▸ GIVEN MATERIAL:
**********

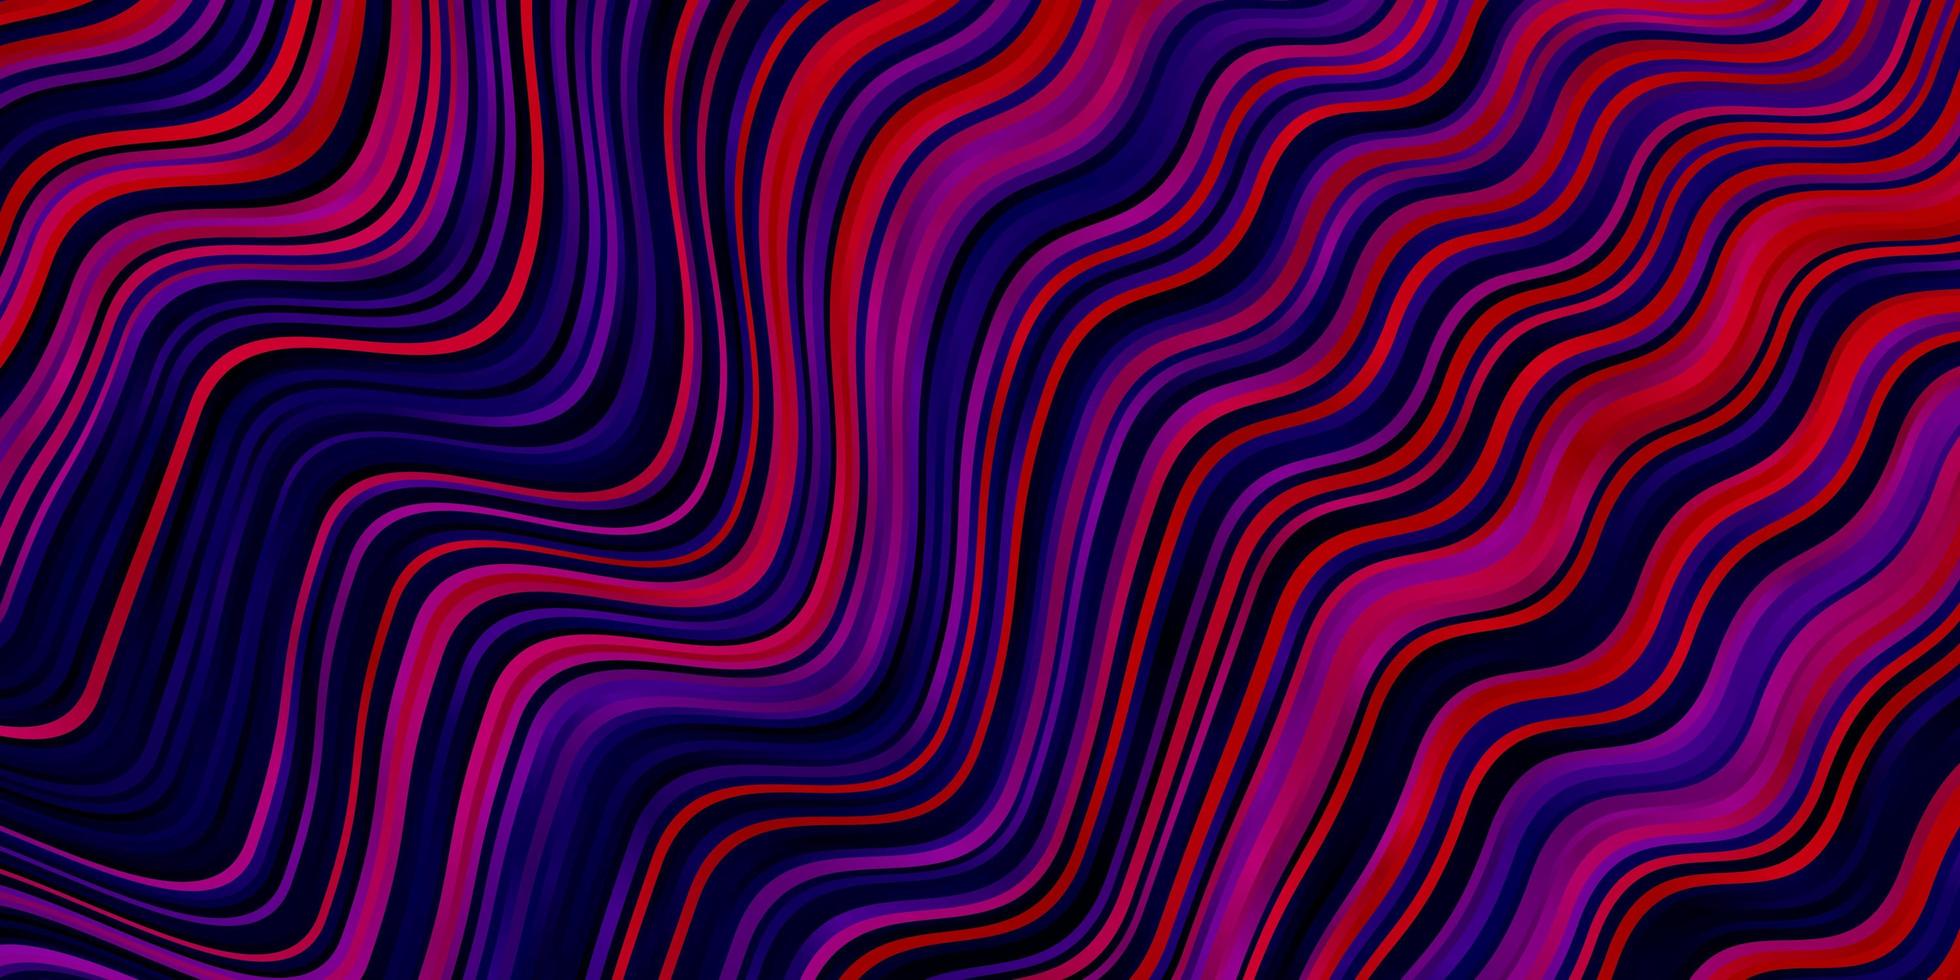 dunkelviolettes rosa Vektormuster mit schiefen Linien bunte Illustration im abstrakten Stil mit gebogenen Linien intelligentes Design für Ihre Werbeaktionen vektor
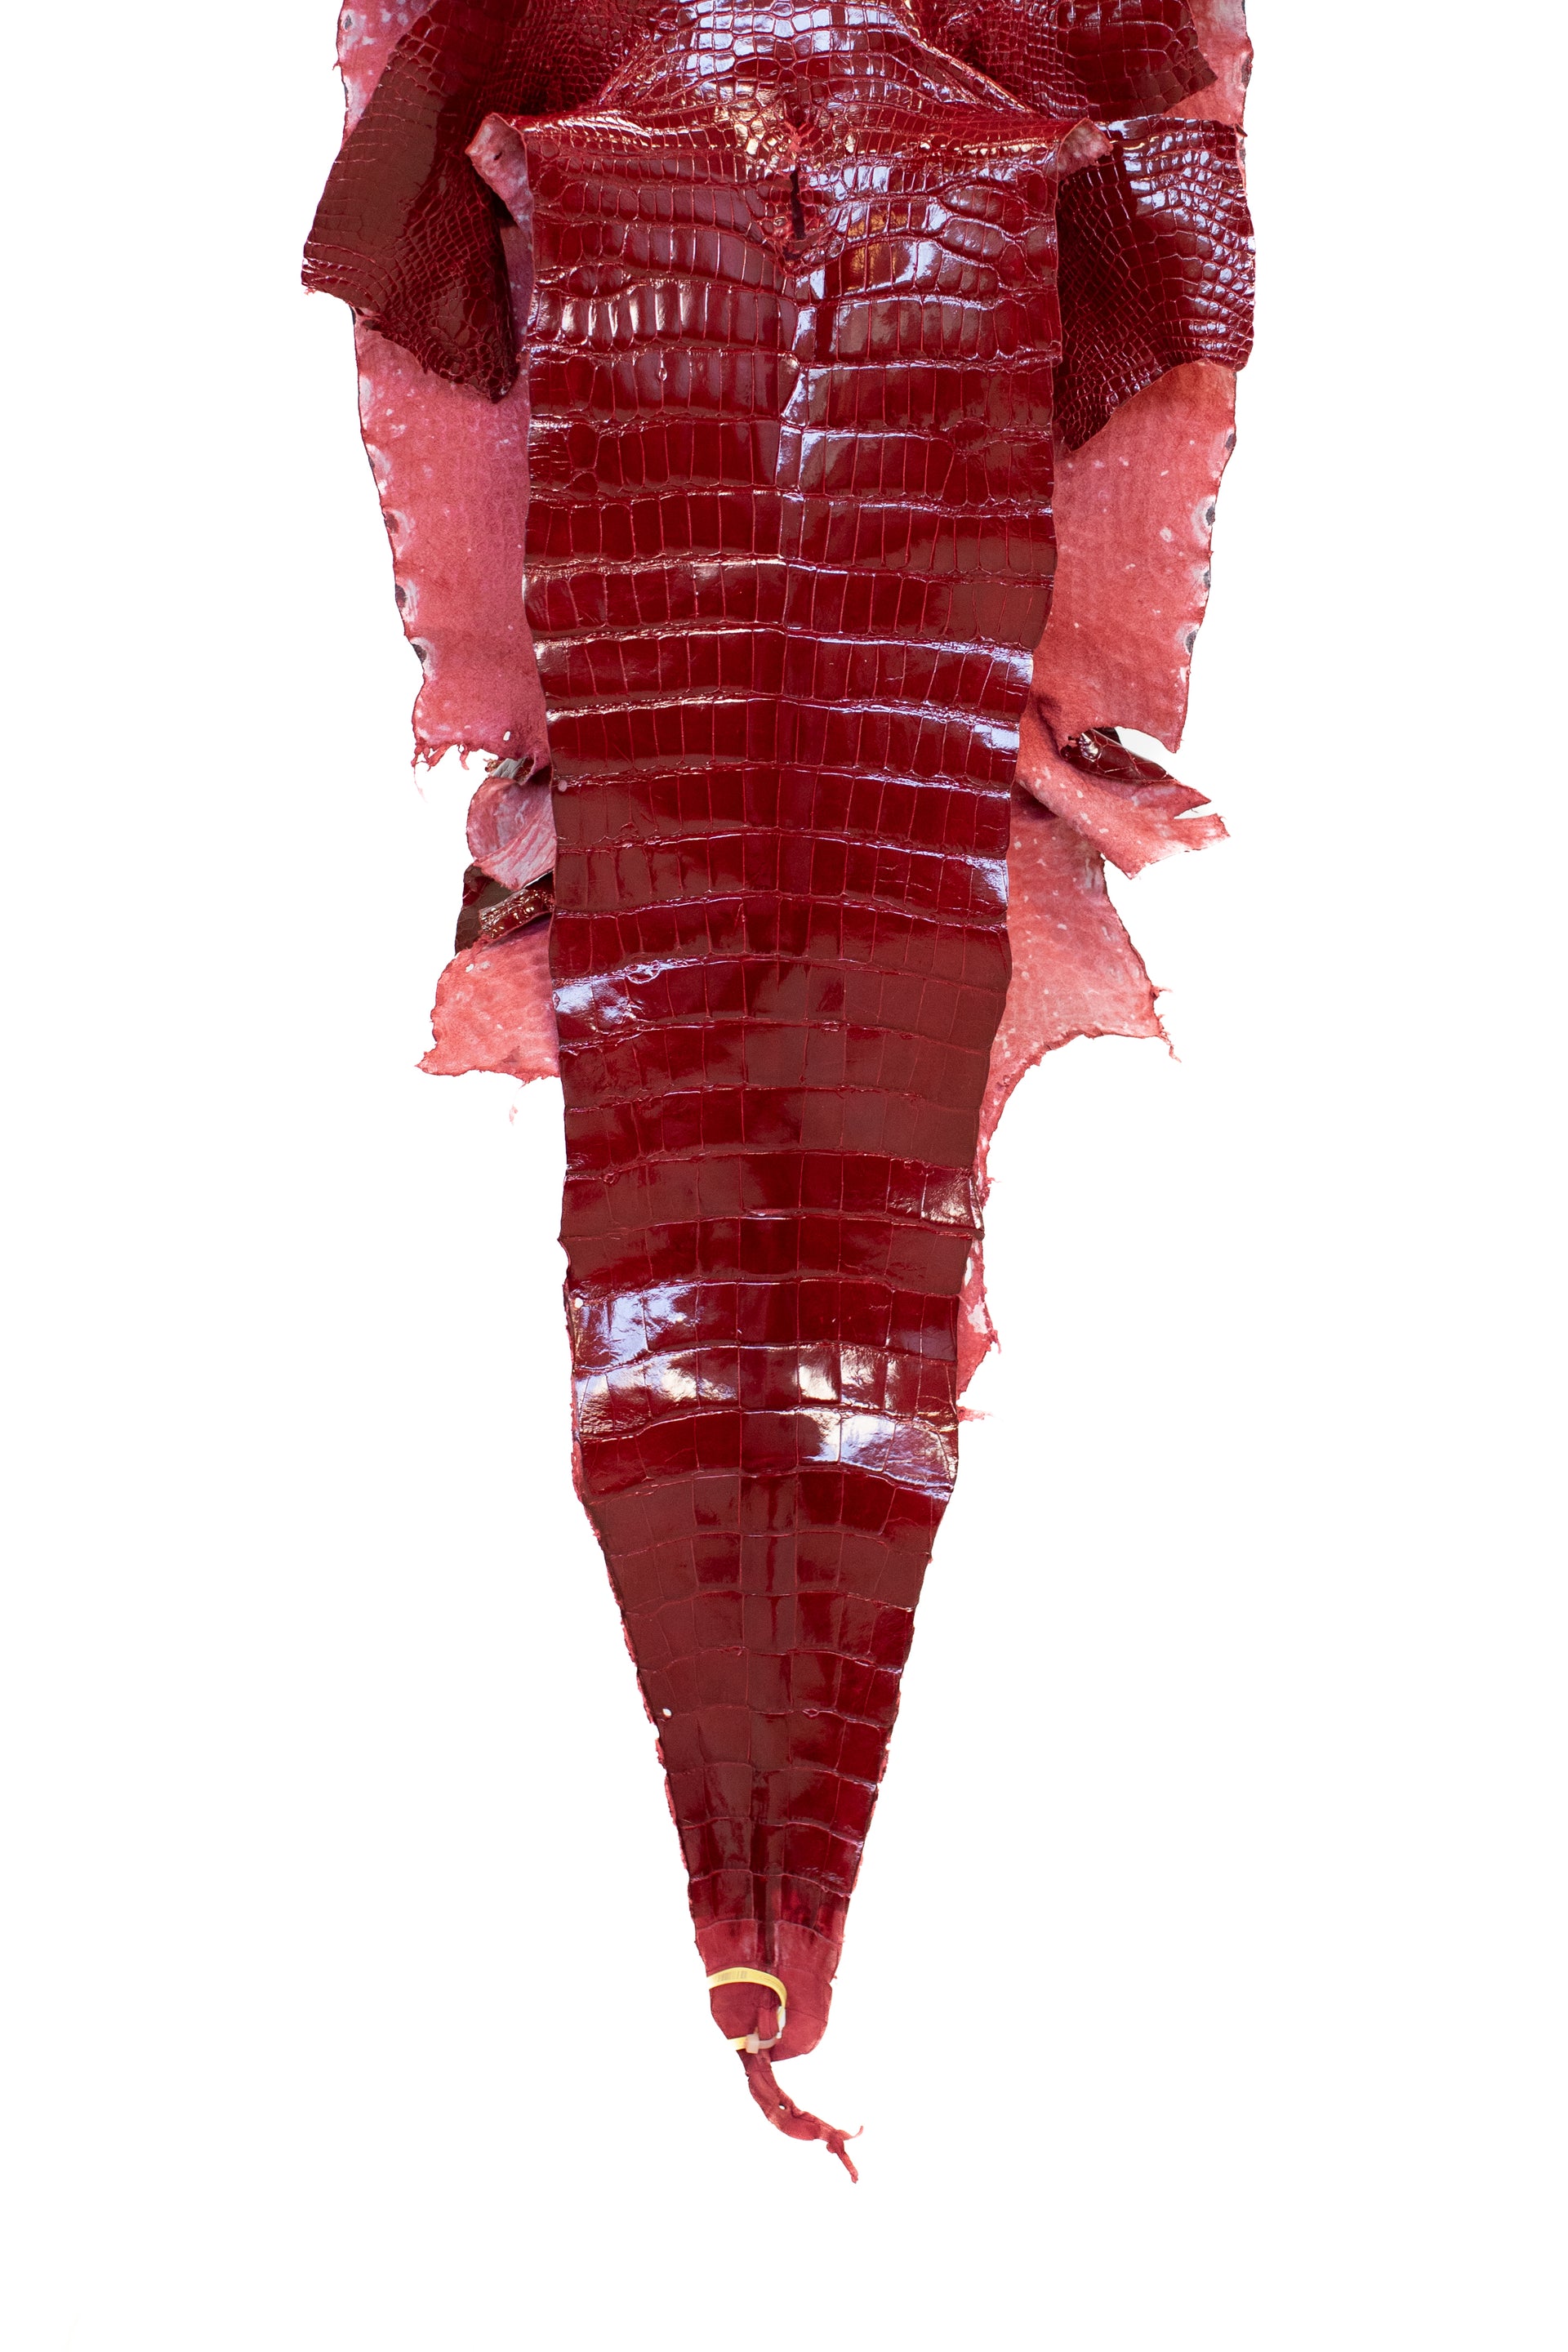 44 cm Grade 1/2 Red Glazed Wild American Alligator Leather - Tag: LA19-0037448
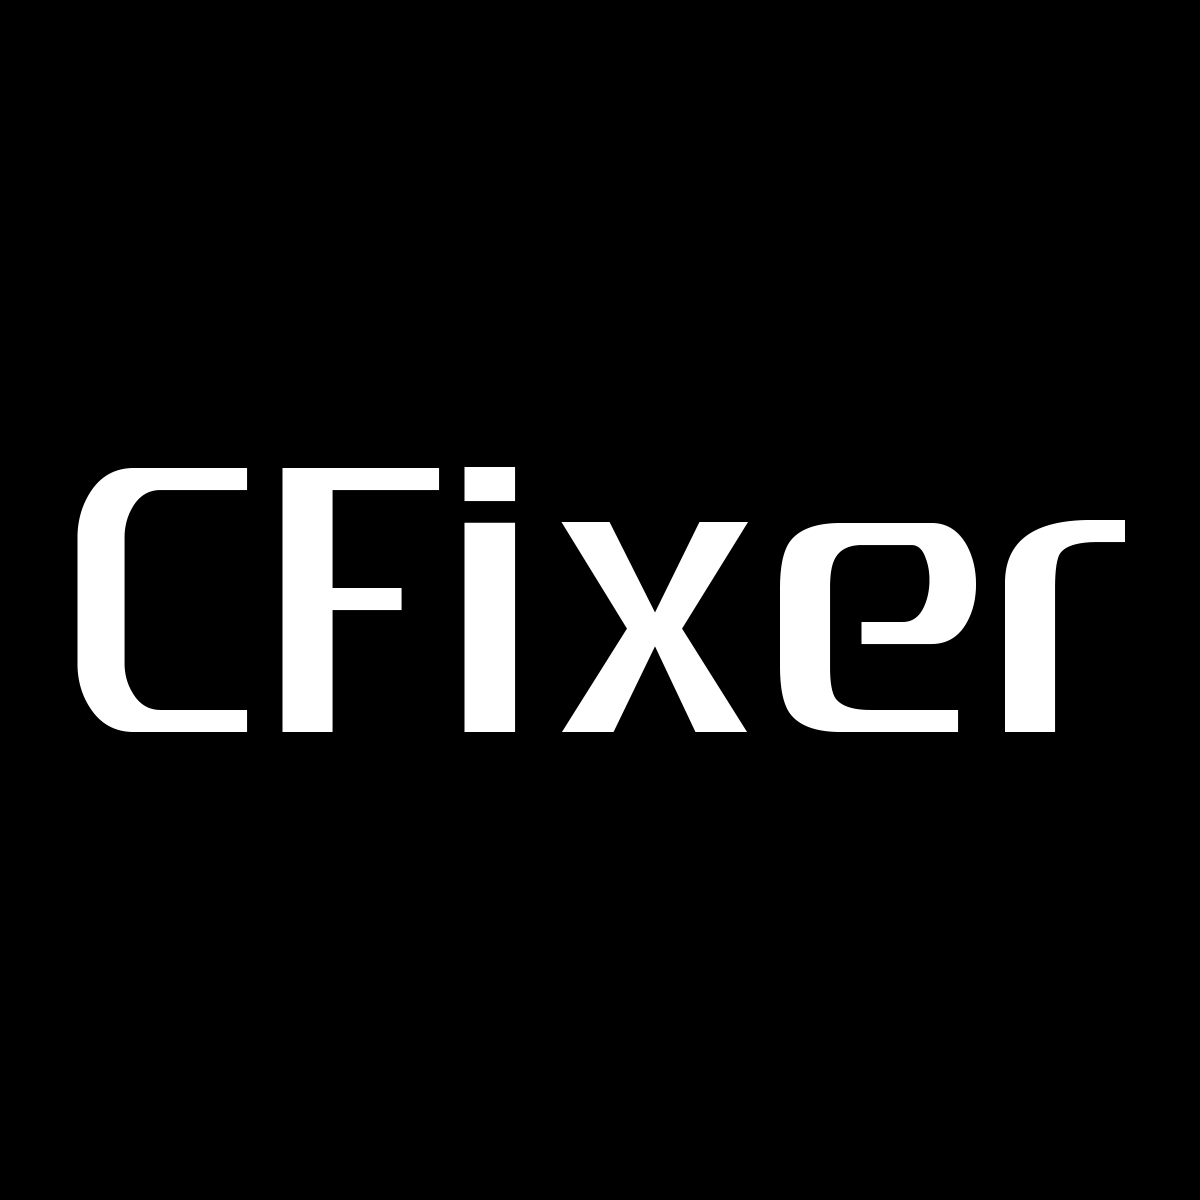 CFixer

**********

▸ AIM OF THE EXERCISE:
Exactly as they stand, write the lines from the one holding "44 cm Grade" to the end of the material, both ends included. Do not copy the pictures.

▸ TASK RESPONSE:
 44 cm Grade 1/2 Red Glazed Wild American Alligator Leather - Tag: LA19-0037448
 CFixer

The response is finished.